Electrocorticography or ECoG involves detecting the electrical discharges of the cortex with electrodes placed directly on the cortex. Unlike DES, ECoG does not induce seizures though it can be used for electrical stimulation as well. ECoG is primarily used for the delineation of epileptogenic zones in patients with medically intractable epilepsy [91]. Interictal fast ripples (250–500 Hz) detected by ECoG serve as important indicators for epileptogenicity. A study showed that resection of FR cortical areas as identified by ECoG led to better postop seizure freedom [89]. Besides mapping epileptogenic foci, ECoG also has DES-like application in speech and motor mapping prior to epilepsy surgery which can help define the safe resection zones of epileptic foci in children, who are technically challenging to map intraoperatively [30]. ECoG is an invasive technique and its use prolongs the surgery. Both the techniques have excellent temporal resolution but the spatial resolution of ECoG is much better than EEG as it does not face the problem of attenuation and distortion of the signals due to intervening connective tissue of the scalp and skull (Table 1).

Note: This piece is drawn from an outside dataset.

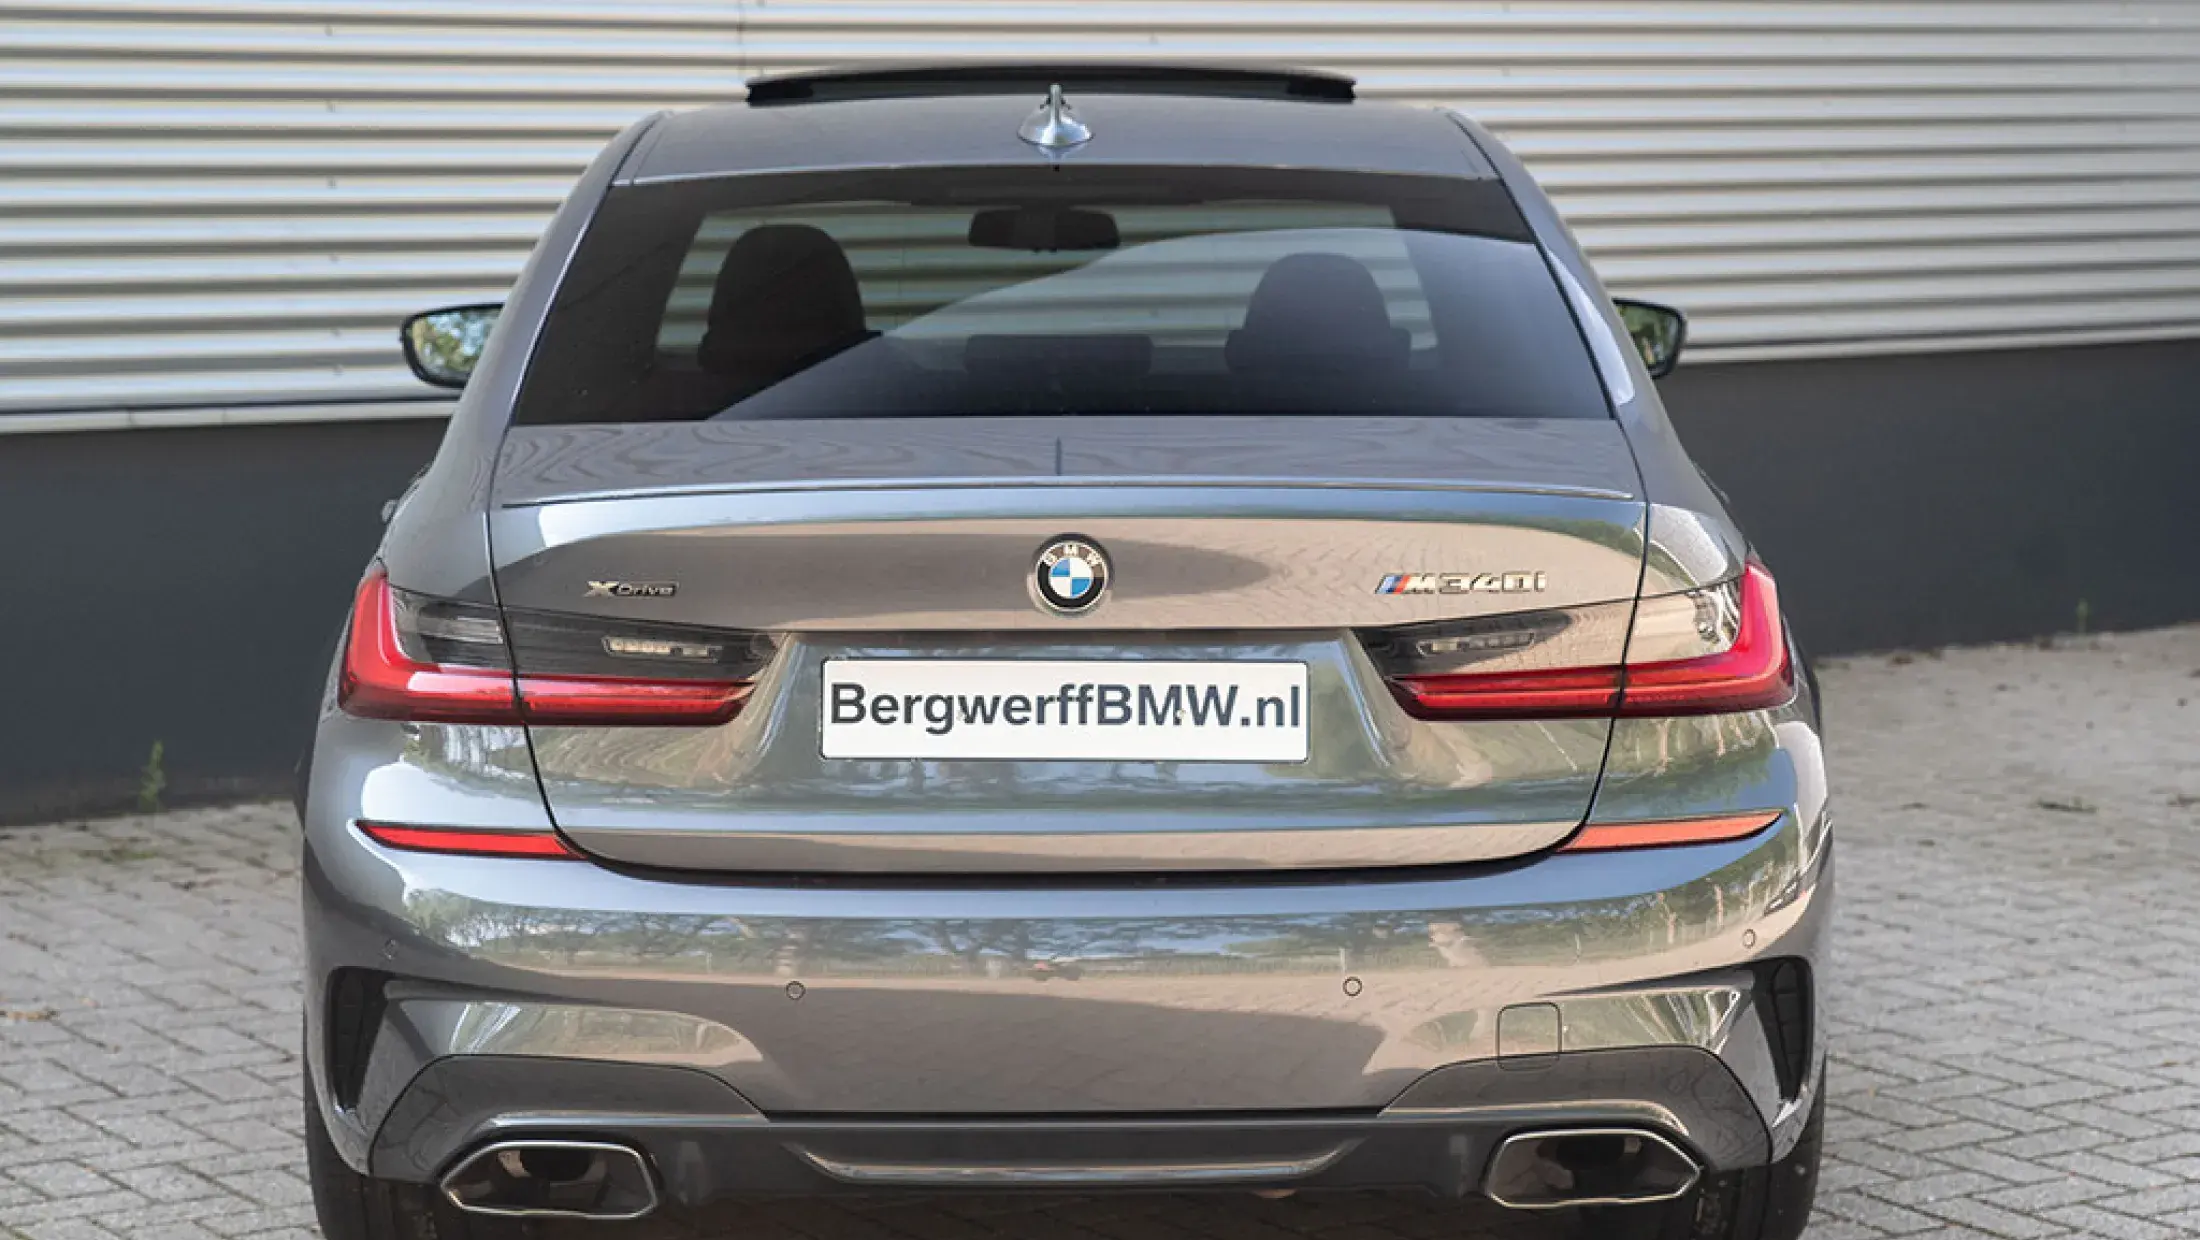 BMW M340i xDrive Mineralgrau Metallic G20 Bergwerff

Functional magnetic resonance imaging

fMRI measures brain activity by recording concomitant changes in cerebral perfusion (neurovascular coupling). fMRI uses blood oxygenation level-dependent (BOLD) signals [55] to highlight areas of active neuronal activity. The BOLD signal arises out of the different magnetic properties of HbO (diamagnetic) and HbR (paramagnetic) [59]. The paramagnetic HbR increases the inhomogeneity in the magnetic field resulting in shortened T2 and diminished BOLD signal. But the BOLD signal increases during brain activation rather than decreasing because whenever the neuronal activity—hence the local oxygen consumption—increases the neurovascular coupling causes marked increase in the cerebral blood flow (CBF). The increase in CBF is disproportionate and quickly overwhelms the active regions with HbO [24]. This overcompensation leads to increase in the BOLD signal and the activated regions “light up” [48]. Other than blood oxygenation, BOLD signal also depends on cerebral blood volume and cerebral blood flow. The spatial resolution of fMRI is 1 mm and temporal resolution is 3 s [88].

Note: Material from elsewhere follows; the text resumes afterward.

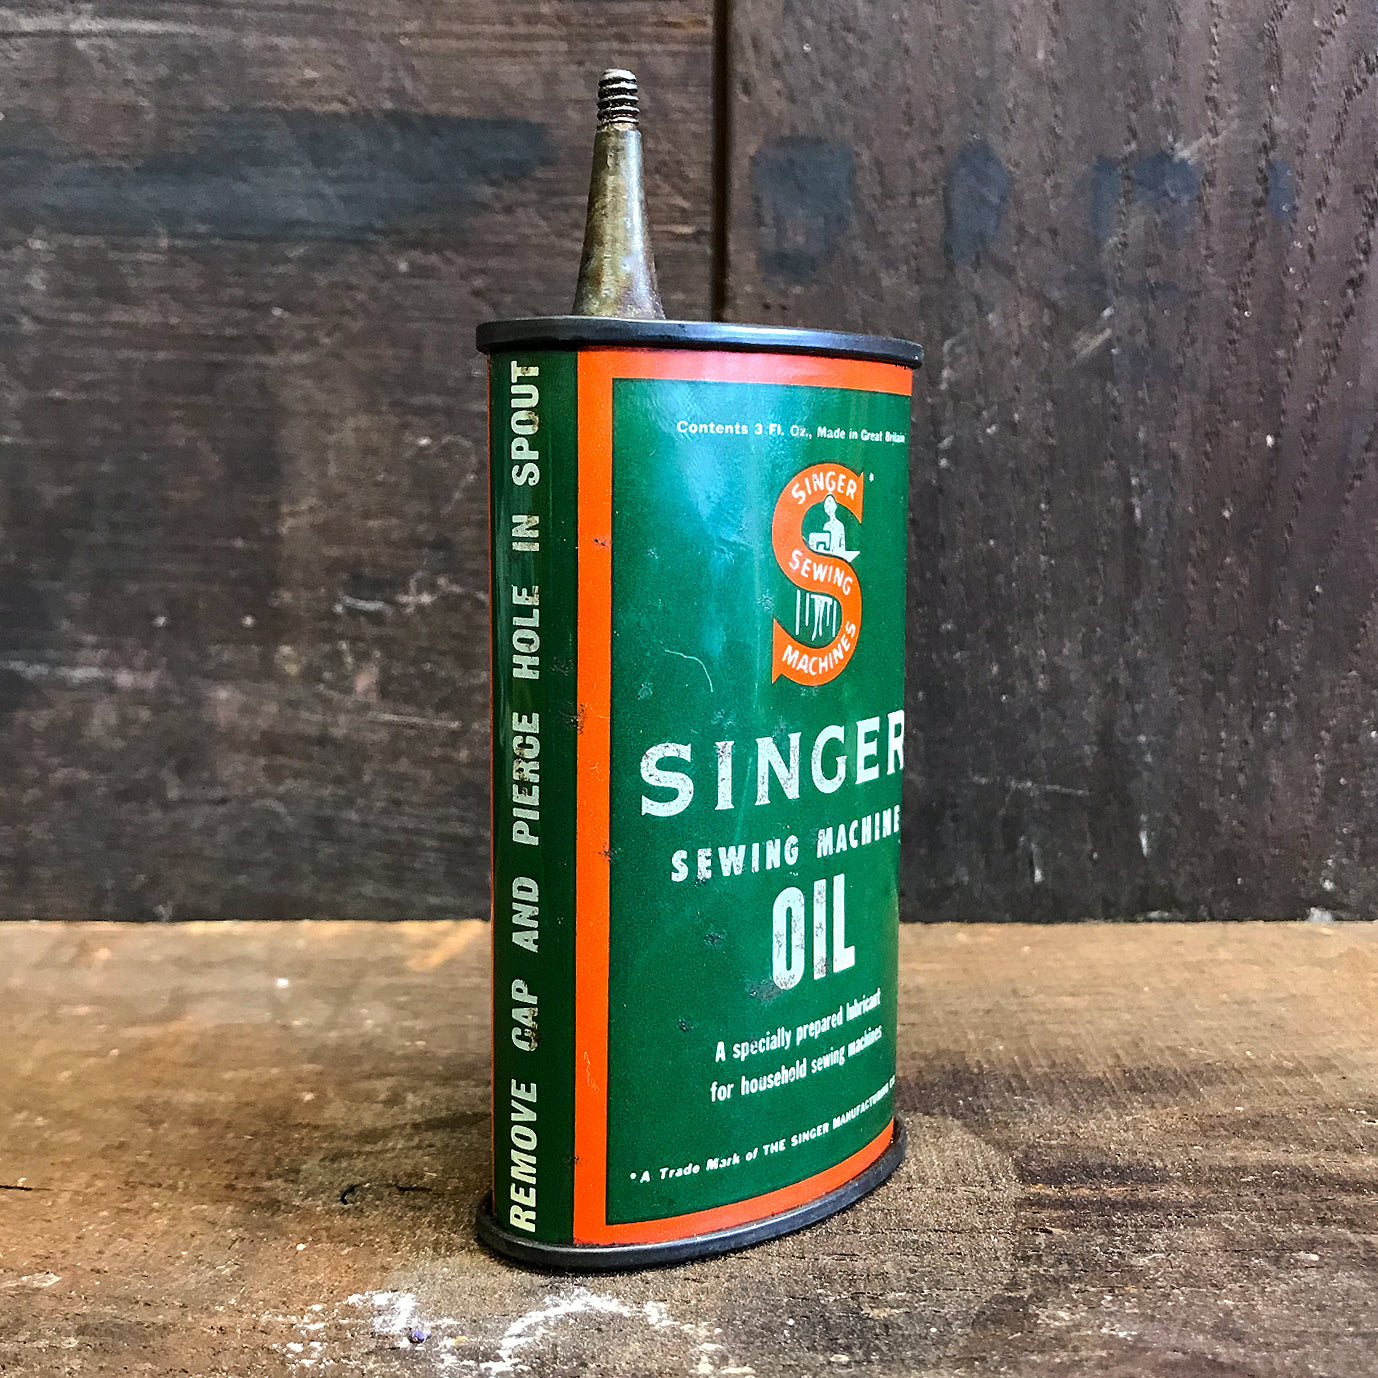 Vintage Singer Oil Can

fMRI scores over other “gold standard” technique; in that, it is non-invasive, safer, quicker, less distressing, and repeatable. It is safer for use in children. Since fMRI is derived from T2*-weighted imaging, it is quite susceptible to distortions and artifacts. Cardiac pumping and breathing movements introduce motion artifacts. Patient’s head movements are the most frequent cause of poor fMRI images [43]. The BOLD signal gets distorted in the vicinity of some types of tumors. Proliferation of neovasculature leads to neurovascular uncoupling that may give false-negative results. fMRI poorly images regions of tissue-air interfaces like nasal and sinus airspaces in the orbitofontal cortex [15].

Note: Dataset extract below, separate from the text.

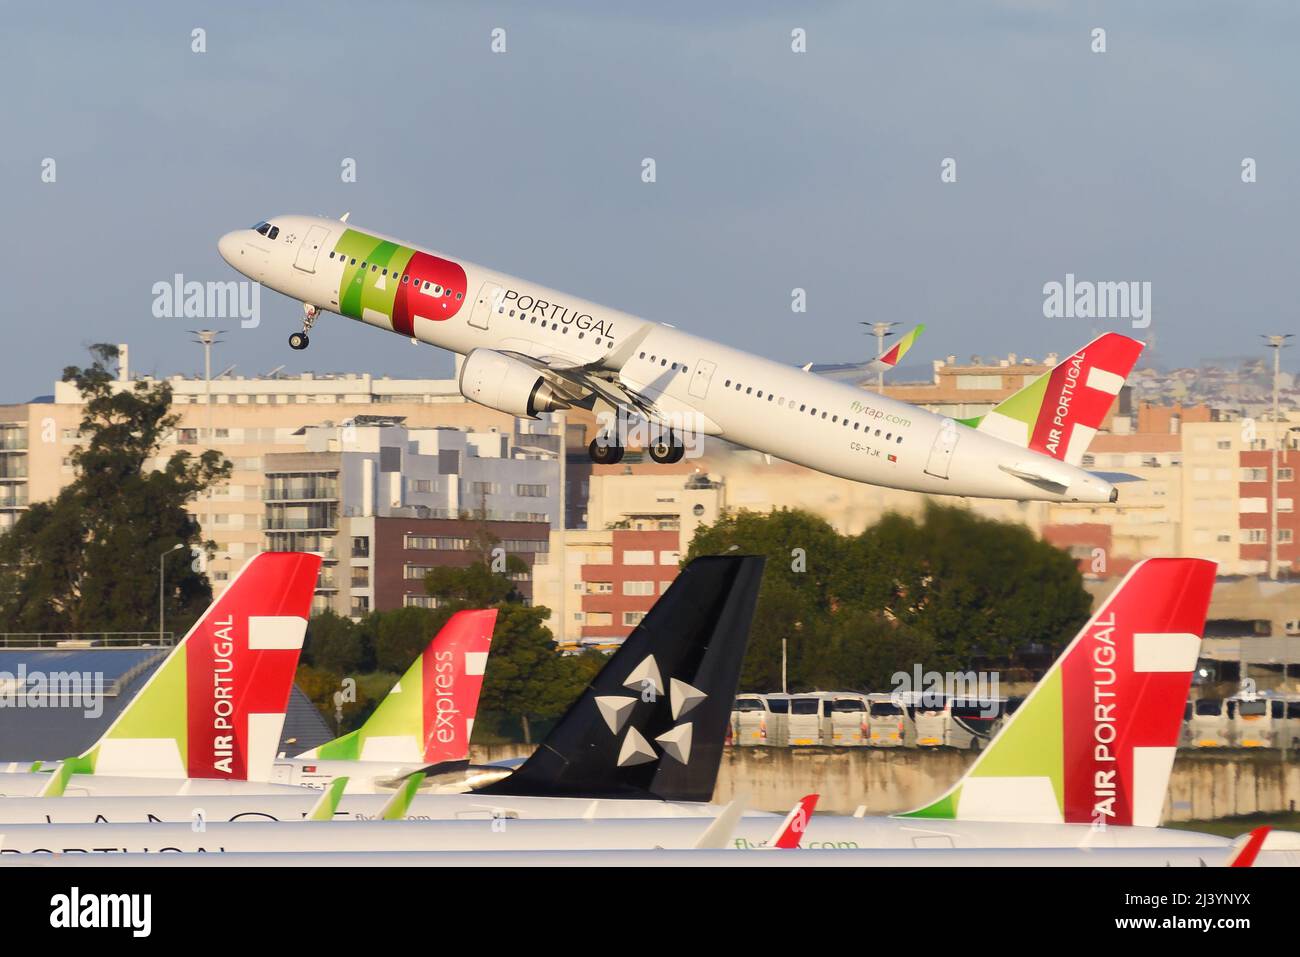 TAP Air Portugal Airbus A321-Flugzeug mit Abflug vom Flughafen Lissabon. Portugiesische Fluggesellschaft mit Drehkreuz am Flughafen Portela. TAP Portugal Airline Aicraft Tails. Stockfoto

fMRI is now routinely used for language lateralization in patients of epilepsy surgery [68]. Many studies have shown high levels of concordance between fMRI and Wada test [66, 39]. This has led many authors to recommend fMRI as a replacement of Wada test [57]. Szaflarski et al. have published a guideline for the use of fMRI in the preoperative assessment of epilepsy patients [81]. Another major application of fMRI is the preoperative mapping of eloquent cortex [86]. For the mapping of language cortex, tasks like verb generation, picture naming, and grammatical judgment are used [83]. For motor mapping, a finger-tapping task is used, and if the patient has mild to severe hand paresis, then hand clenching is sufficient [80]. fMRI has been validated against DES with high levels of concordance [49].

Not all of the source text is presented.